DONOHUE and others v. ROBERTS and others.
Circuit Court, E. D. Missouri.
March 13, 1880.
v.1, no.7-29
ACCOUNT—JOINDER OF ADMINISTRATOR AND SURETIES IN THE SAME SUIT—PAYNE v. HOOK, 7 WALL. 425; 14 WALL. 252, FOLLOWED.—An administrator and his sureties may be joined in a suit against the administrator for an account and settlement, and for judgment against the sureties for the balance found due upon the settlement of such account.
ADMINISTRATOR—SURETIES—FRAUDULENT AND COLLUSIVE CLAIM.—It cannot be determined upon demurrer whether such sureties are liable for the alleged fraud and collusion of the administrator in the proof and allowance of his own individual claim against the estate of his intestate.
In Equity. Demurrer to complaint.
Lucien Eaton, for complainants.
Louis Houck, for respondents.
MCCRARY, J., (orally.) This case was submitted upon a demurrer to the complainants’ bill. The bill is brought by the heirs of Mrs. Roberts, against her administrator and his sureties, charging fraud in the settlement of the accounts of the estate, and seeking to have a settlement of the amount due from the administrator, and to recover the same as against him and his sureties.

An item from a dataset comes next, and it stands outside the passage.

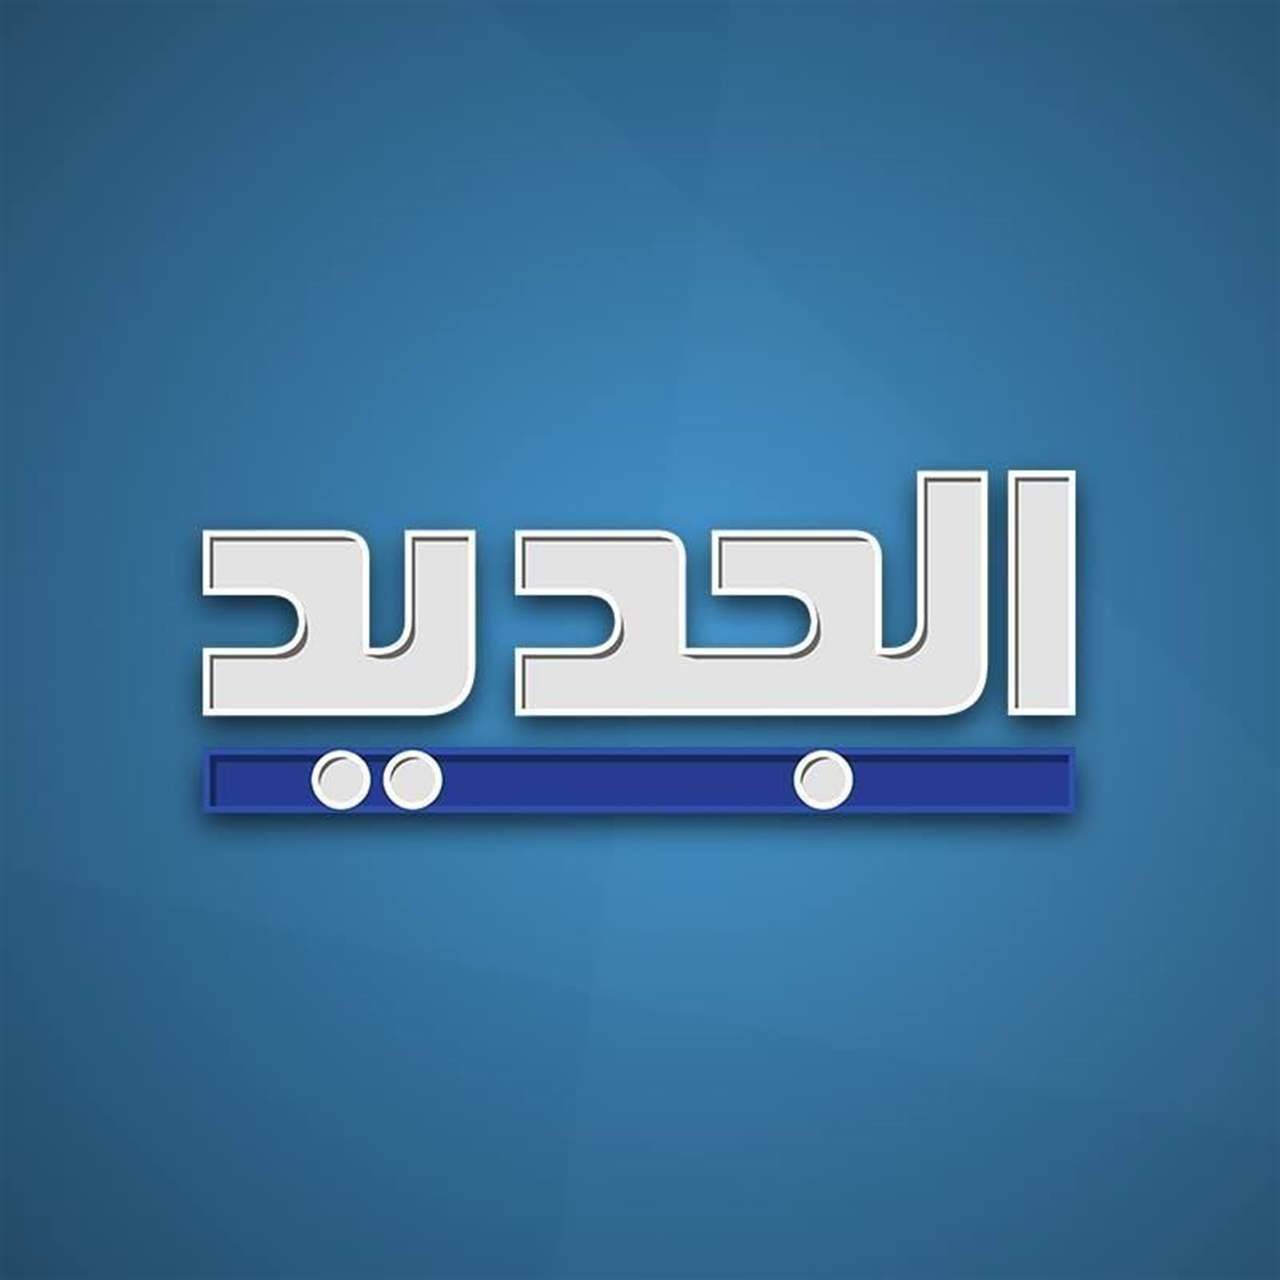 عمليات كر وفر بين مناصرين حزبيين والقوى الأمنية عند جسر الرينغ… لمتابعة البث المباشر لقناة الجديد على الرابط التالي:

The demurrer raises the question whether the two can be joined in one action—that is, a suit against the administrator to settle his accounts and to recover the balance, and at the same time against his sureties to obtain judgment against them for whatever balance may be ascertained. That question has been fully settled by a case which went up from this court and was twice considered by the supreme court of the United States. Payne v. Hook, 7 Wall. 425; 14 Wall. 252, where the same question was fully considered, and the right to join the administration and his 450 sureties in such a suit for these purposes, fully sustained. The further question is made, which is this: The administrator of this estate presented a claim in his own behalf, and, for the purposes of the settlement of that claim, a temporary administrator was appointed, called under the statute, I believe, an attorney to represent the heirs. There was a hearing upon that matter, and the claim was allowed. It is now insisted that the sureties of the administrator are not responsible for any fraud committed in that transaction. The bill, however, charges collusion and fraud on the part of the administrator in connection with this transaction, and it will depend, I think, altogether on the proof as to whether he is liable in his official capacity; and if liable, of course his sureties are liable. That matter can be determined only after the proofs are submitted.
The demurrer to the bill is overruled.